20 Jul
2018
20 Jul
'18
1:56 p.m.
On Fri, 20 Jul 2018 11:24:57 +0200, David Kastrup wrote:
So the idea to take this into low-latency realms with a
view on
realtime effects seems a bit optimistic indeed.
;)
On Thu, 19 Jul 2018 22:52:45 -1000, _another_ david wrote:
I first tried it with 4.13.x and decided that items
like random
kernel panios, system freezes and crashes weren't very good ways to
defend against Spectre/Meltdown/DOS. ;)
Actually freezes and crashes do defend against attacks :D. But you are
right, for Claws and Firefox I'm experiencing way to often serious
issues and for virtualbox at least way to often an annoyance for an
unexplained reason.
I at least should test using it with PTI disabled.
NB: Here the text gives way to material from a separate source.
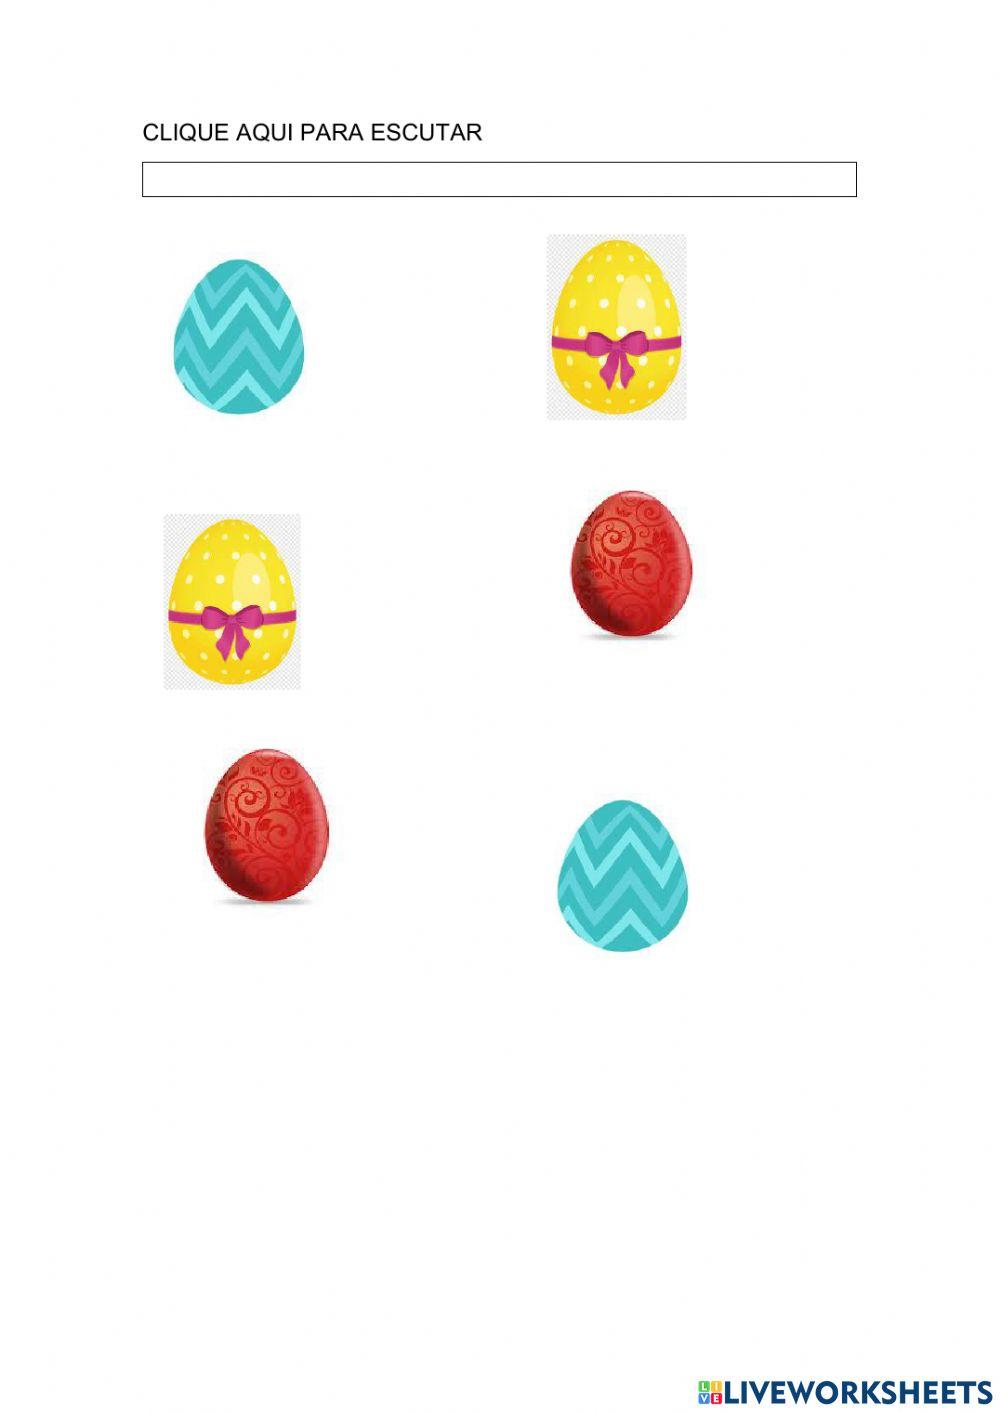 Observe os ovos de Pàscoa e suas cores e ligue corretamente

The current default on my machine is:
[rocketmouse@archlinux ~]$ ls -hAl /sys/devices/system/cpu/vulnerabilities/; cat
/sys/devices/system/cpu/vulnerabilities/*
total 0
-r--r--r-- 1 root root 4.0K Jul 20 10:12 meltdown
-r--r--r-- 1 root root 4.0K Jul 20 10:12 spec_store_bypass
-r--r--r-- 1 root root 4.0K Jul 20 10:12 spectre_v1
-r--r--r-- 1 root root 4.0K Jul 20 10:12 spectre_v2
Mitigation: PTI
Vulnerable
Mitigation: __user pointer sanitization
Mitigation: Full generic retpoline, IBPB, IBRS_FW
'nopti' only would disable PTI, but keep the spectre mitigations. While
PTI is part of the kernel, the spectre mitigations are likely part
of the µcode. However, if I would run my CPU without the µcode, I
perhaps would get rid of the spectre mitigation, but IIRC I
unfortunately would get rid of TSC, too.